Given information:
/---

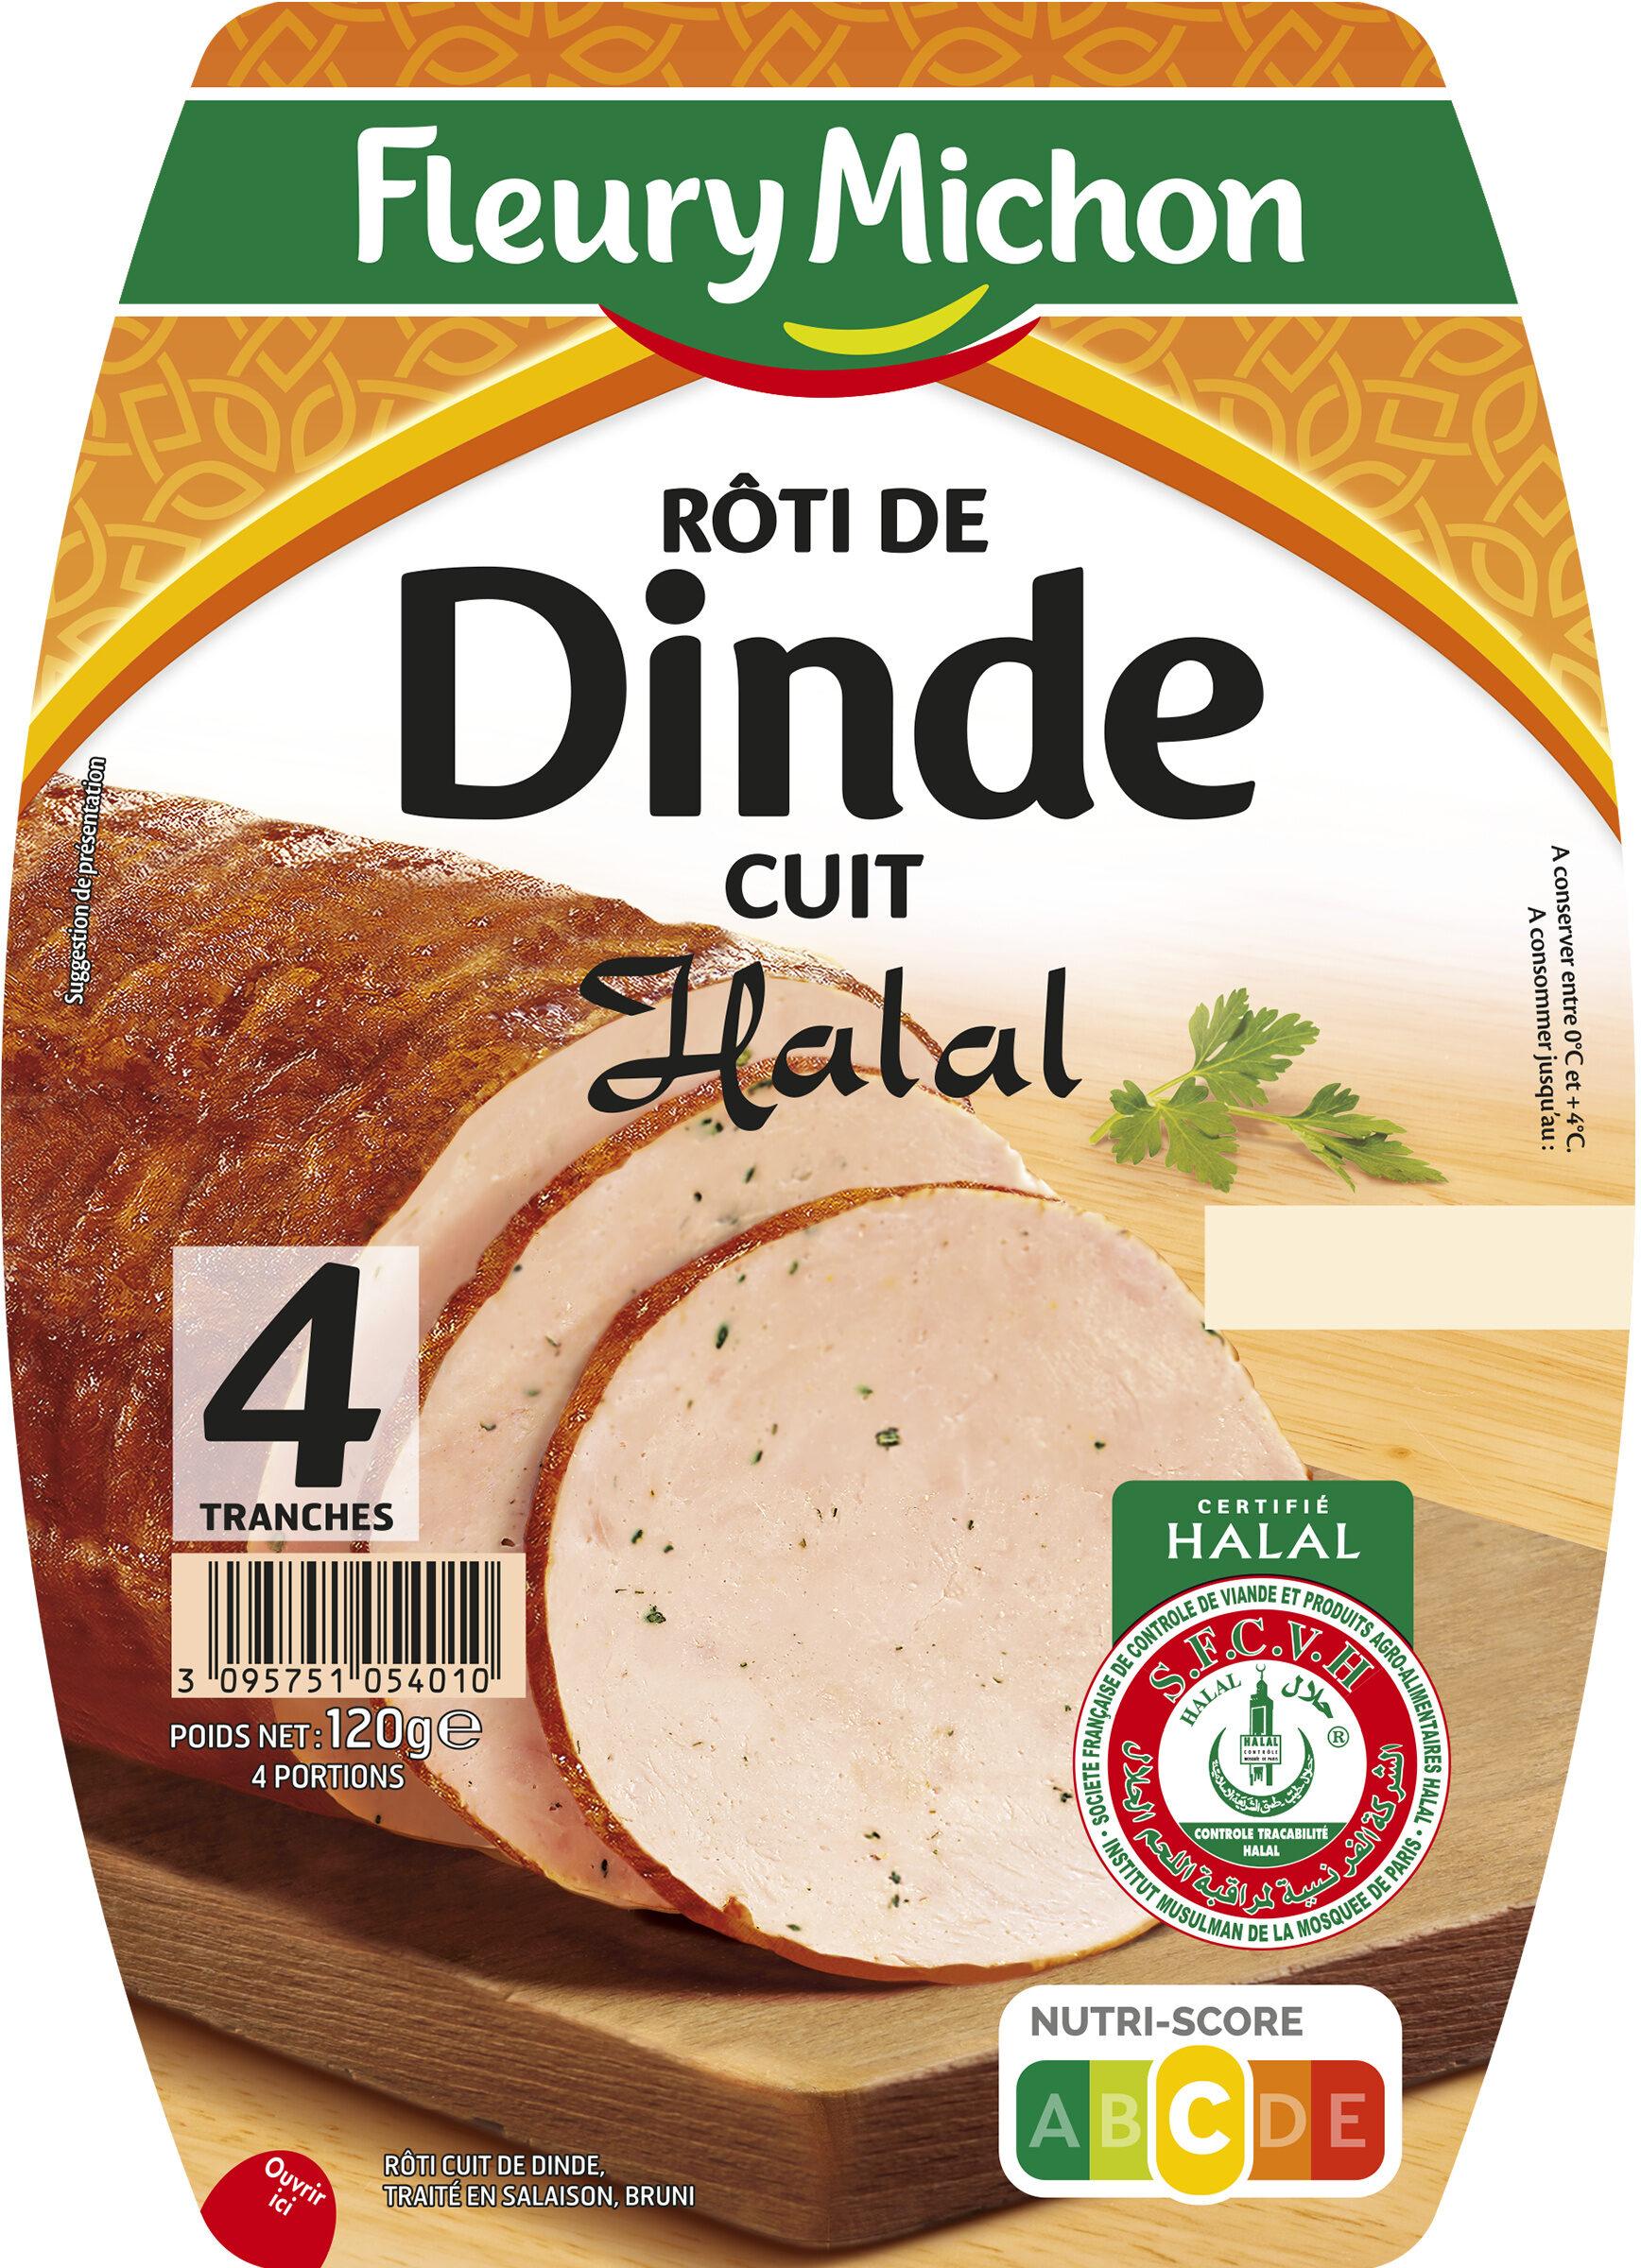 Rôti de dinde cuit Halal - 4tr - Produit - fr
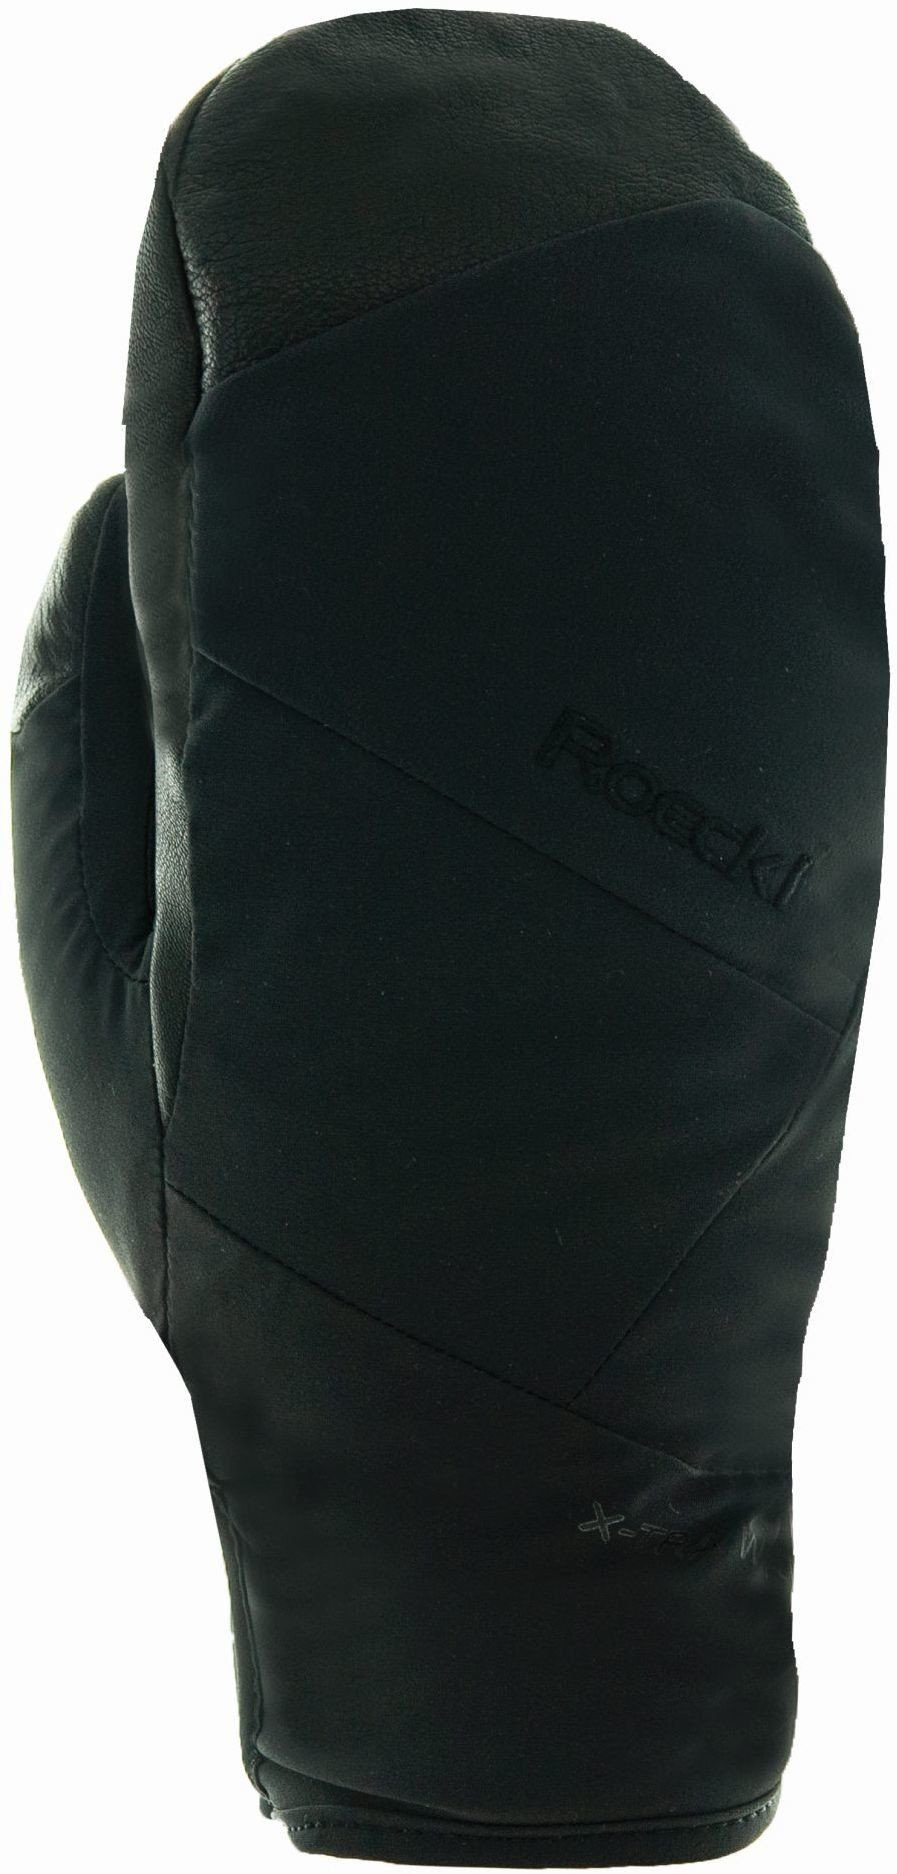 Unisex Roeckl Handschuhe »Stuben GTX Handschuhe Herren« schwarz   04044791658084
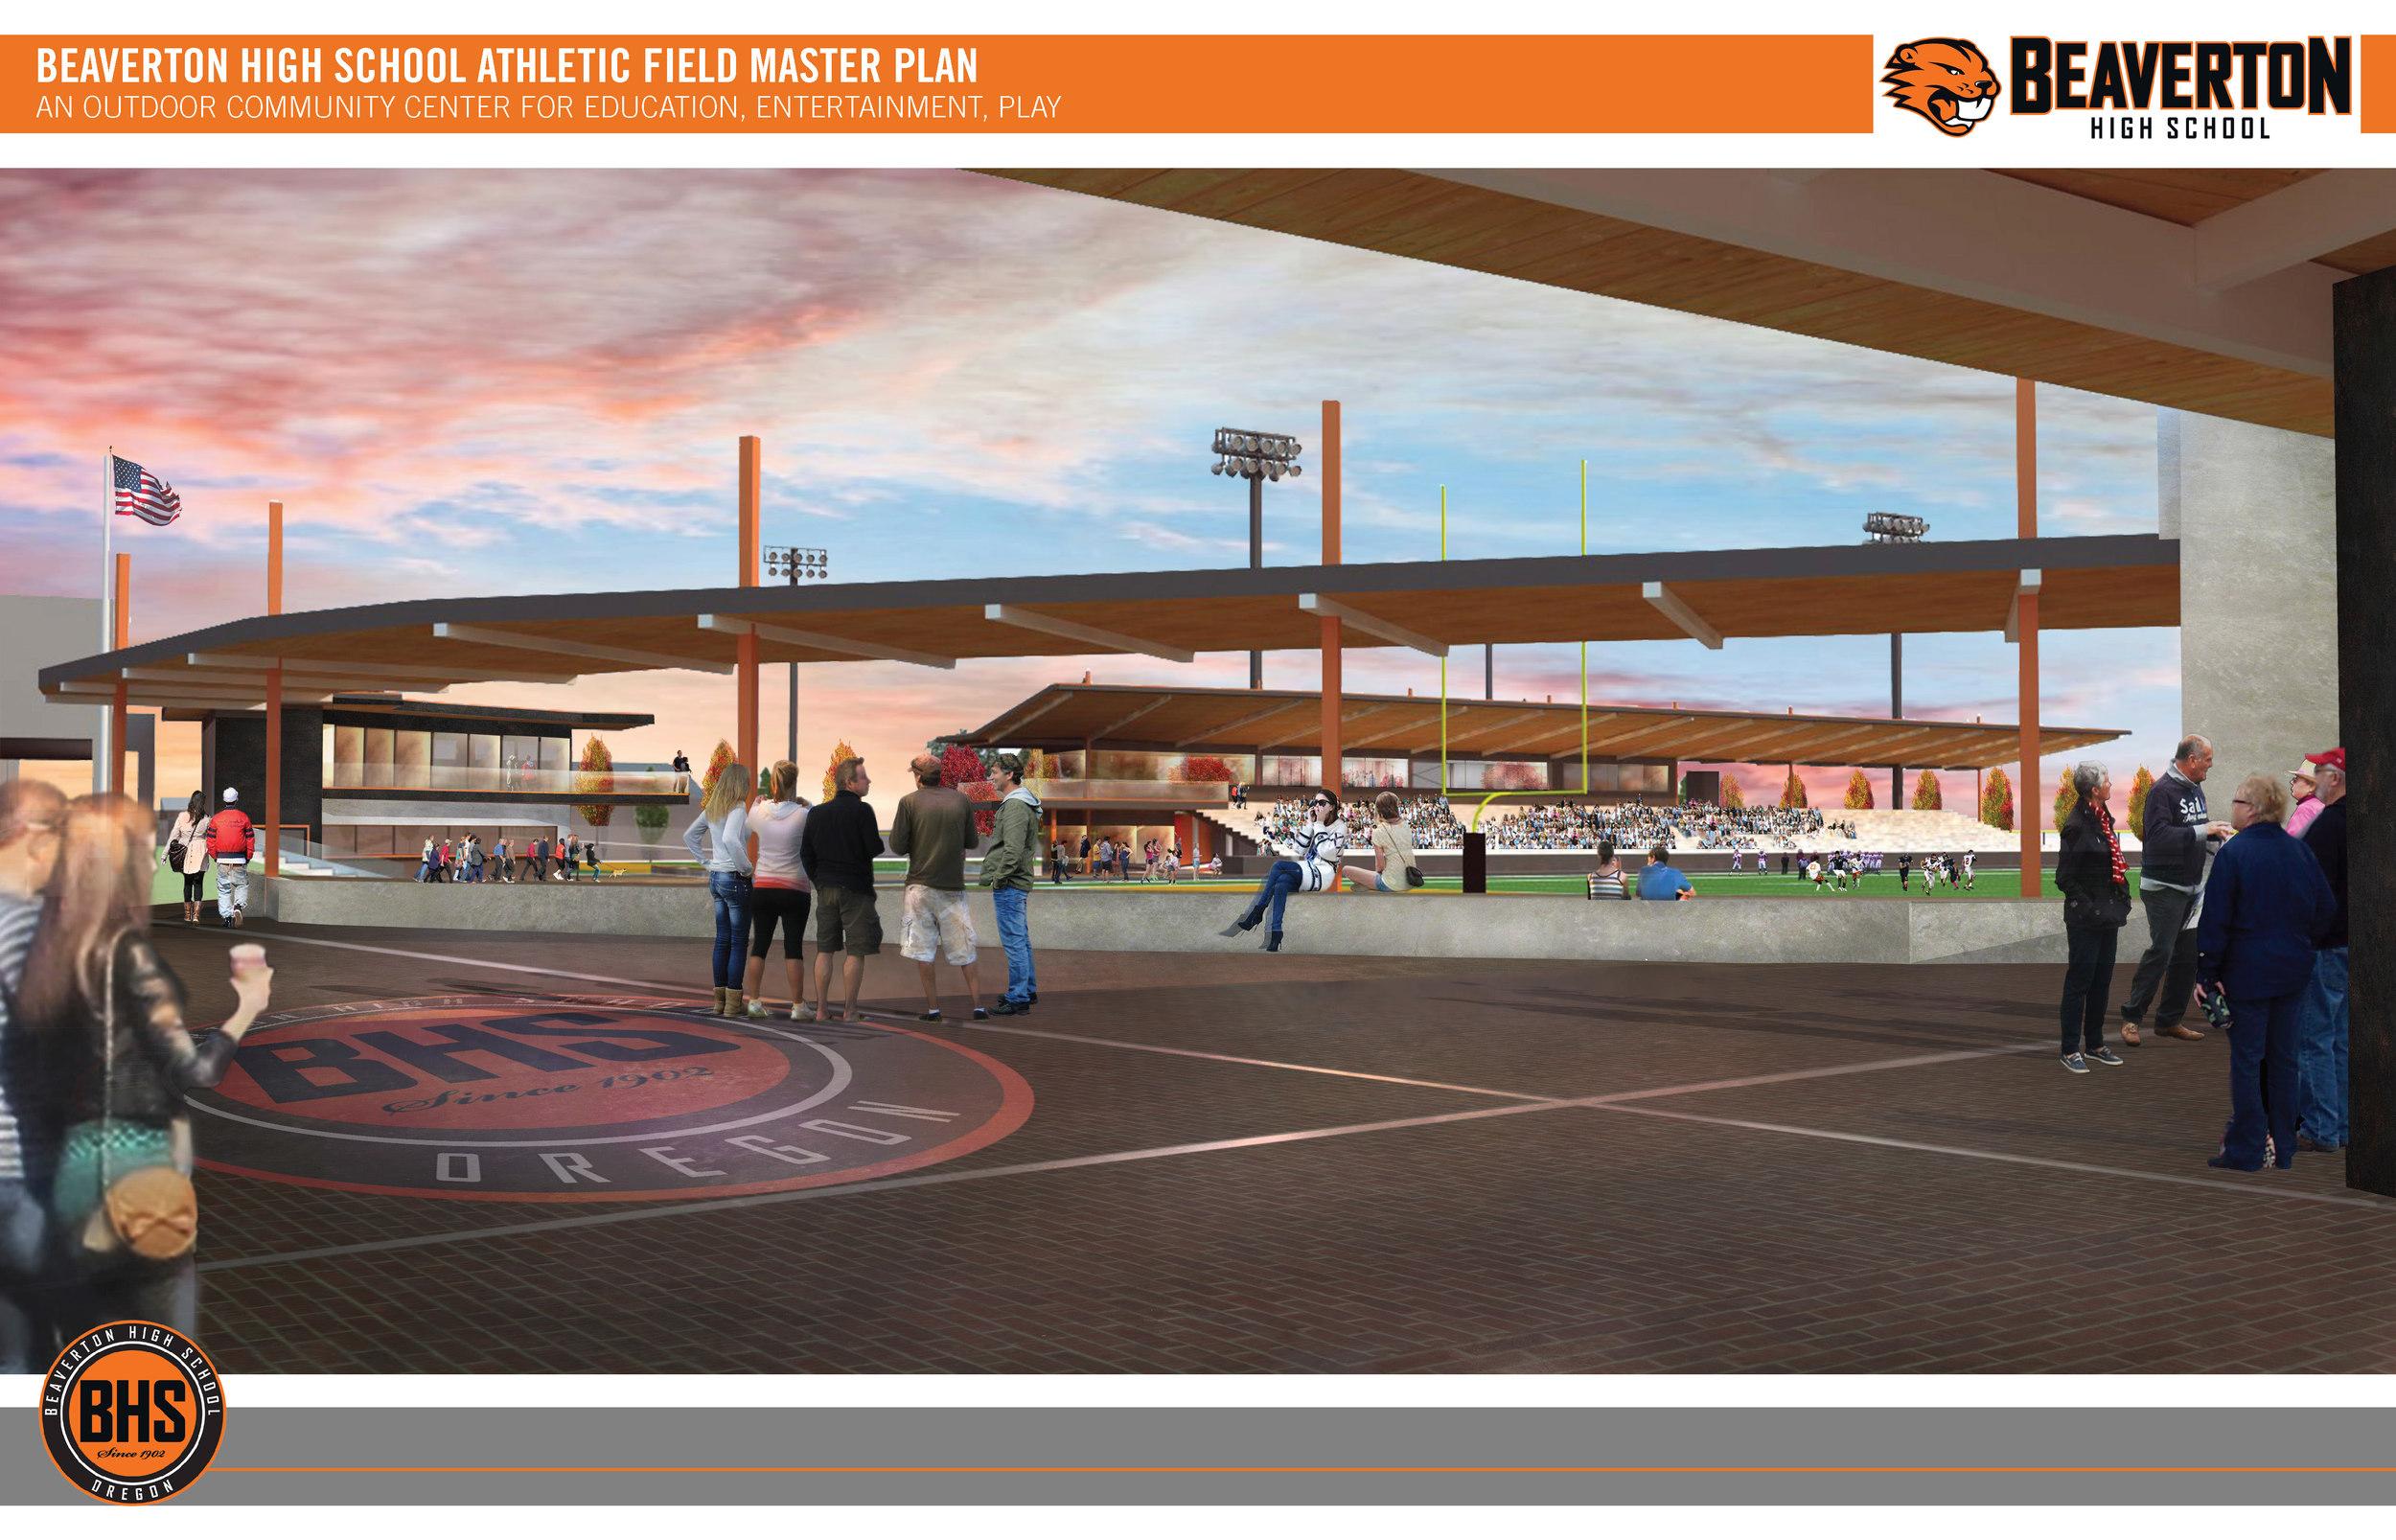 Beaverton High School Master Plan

\---

What to produce: Restate the whole listing exactly as written, minus the pictures.

Worked solution:
 Rôti de dinde cuit Halal - 4tr - Produit - fr
 Unisex Roeckl Handschuhe »Stuben GTX Handschuhe Herren« schwarz   04044791658084
 Beaverton High School Master Plan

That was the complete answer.